Direktur Asia Pacific Rayon, Aryo Oetomo, menjelaskan bahwa kolaborasi tersebut memperlihatkan potensi viscose rayon dan lyocell dalam mendukung kreativitas desainer. Kedua jenis serat itu dapat dikembangkan melalui beragam pendekatan sesuai kebutuhan rancangan.
Après la Révolution Menjadi Refleksi Perubahan
Di luar referensi sejarah, Yosafat turut membawa pandangannya mengenai kondisi dunia saat ini. Berbagai ketidakpastian membuat perubahan terasa semakin dekat dengan kehidupan sehari-hari.
Situasi tersebut mendorongnya untuk keluar dari pola yang selama ini terasa nyaman. Ia mencoba melihat perubahan sebagai momentum untuk mengeksplorasi kemungkinan baru dalam berkarya.
Kegelisahan terhadap persoalan kemanusiaan juga ikut memengaruhi proses kreatifnya. Karena itu, Après la Révolution memiliki lapisan personal selain narasi mengenai Revolusi Prancis dan perkembangan mode setelah perang.
Koleksi ini pada akhirnya berbicara mengenai kemampuan beradaptasi. Manusia dapat meninggalkan pola lama ketika situasi berubah dan kemudian membangun cara baru untuk menjalani kehidupan.
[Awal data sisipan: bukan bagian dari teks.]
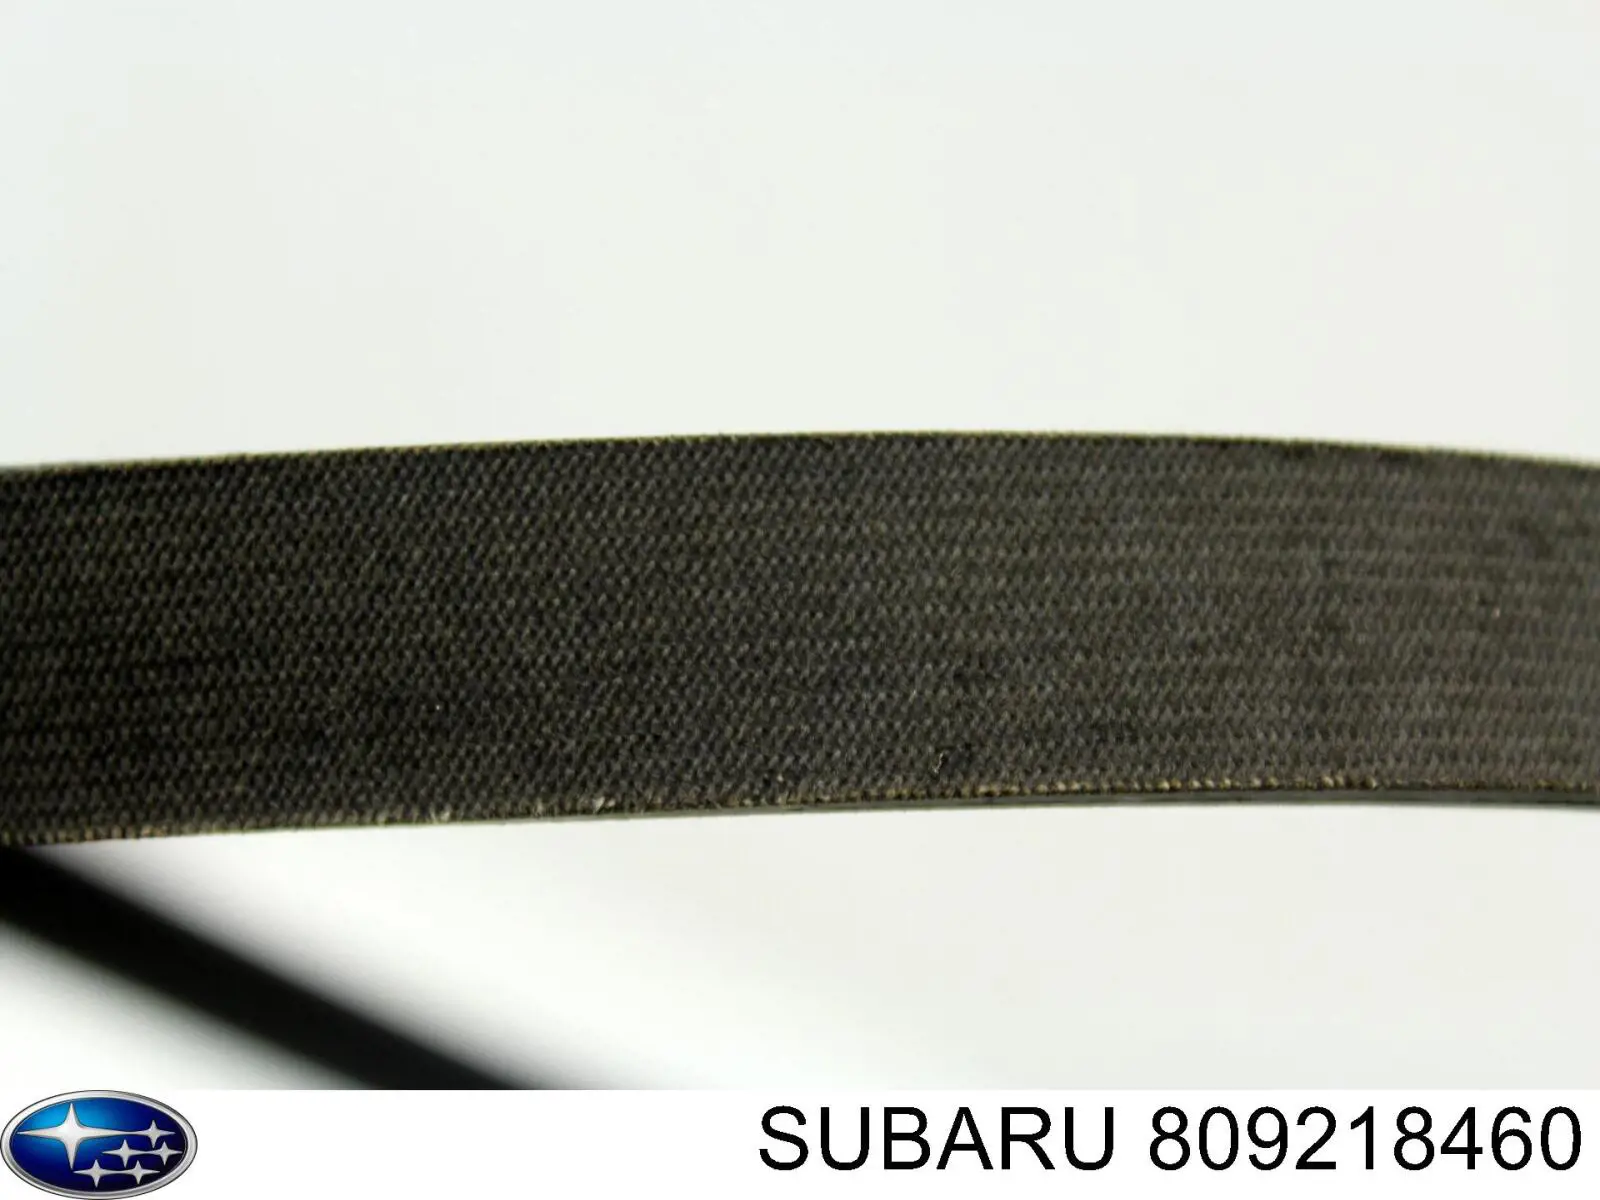 809218460 Subaru correa trapezoidal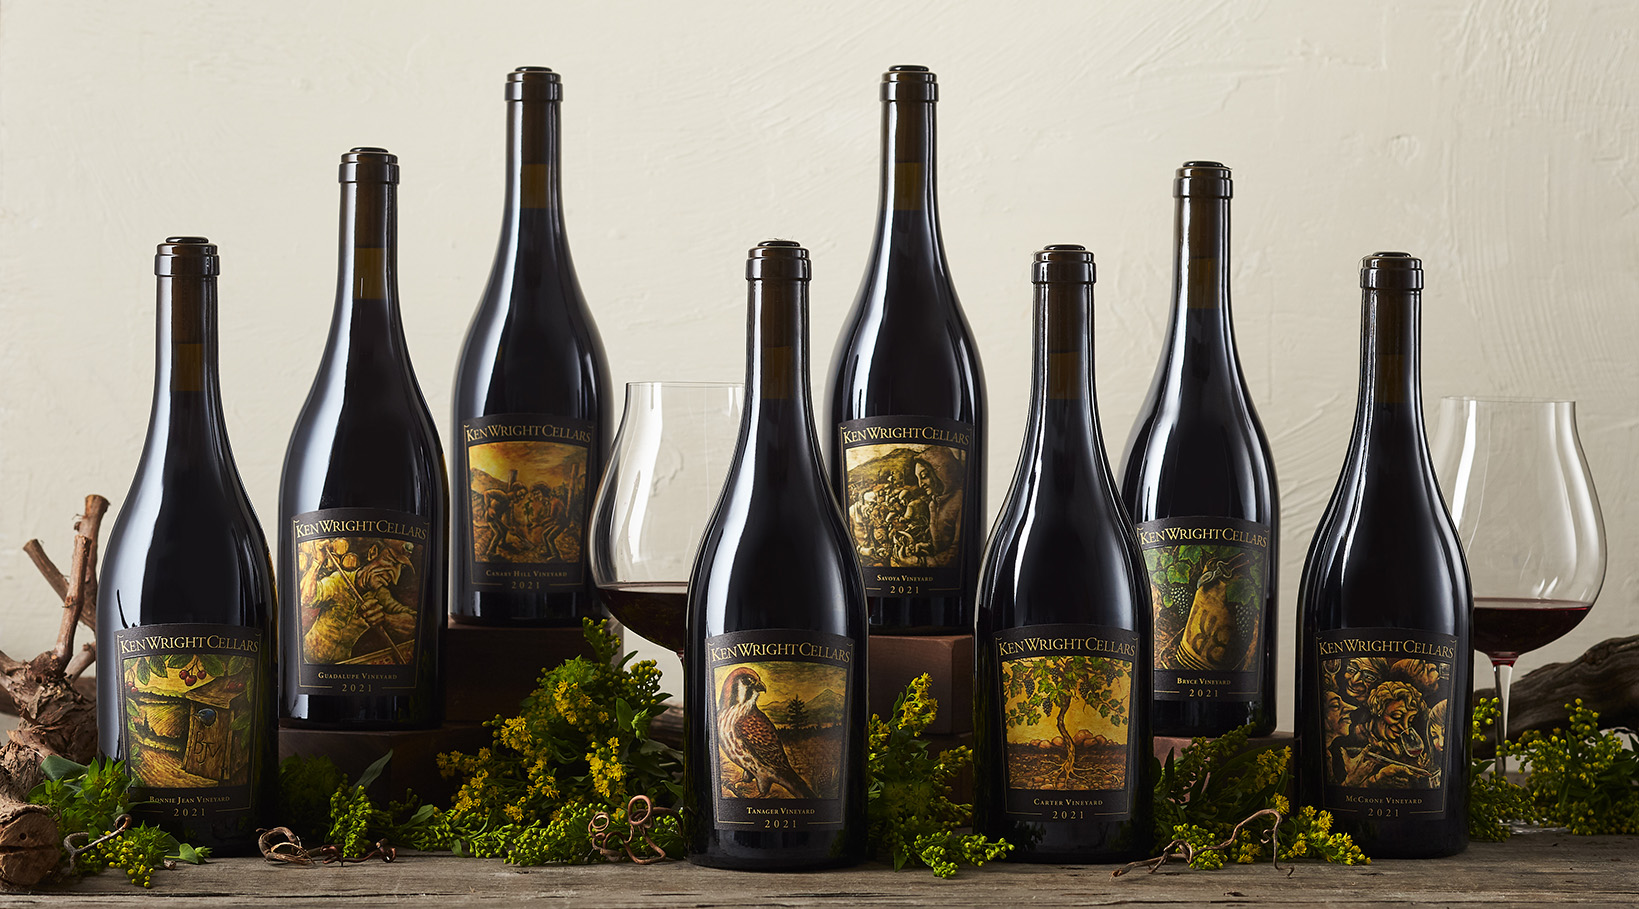 8 bottles of Ken Wright Cellars Pinot noir

Prinsip serupa muncul dalam perjalanan kreatif Yosafat Dwi Kurniawan. Melalui Après la Révolution, ia mengembangkan karakter desain yang lebih cair, mengeksplorasi teknik berbeda, serta memberikan ruang lebih luas bagi material untuk bergerak.
Perubahan tersebut memperlihatkan bahwa mode dapat menjadi catatan perjalanan suatu zaman. Ketika masyarakat bergerak menuju kondisi baru, pakaian pun dapat ikut berubah untuk menggambarkan kebutuhan, kebebasan, dan semangat generasi yang menjalaninya.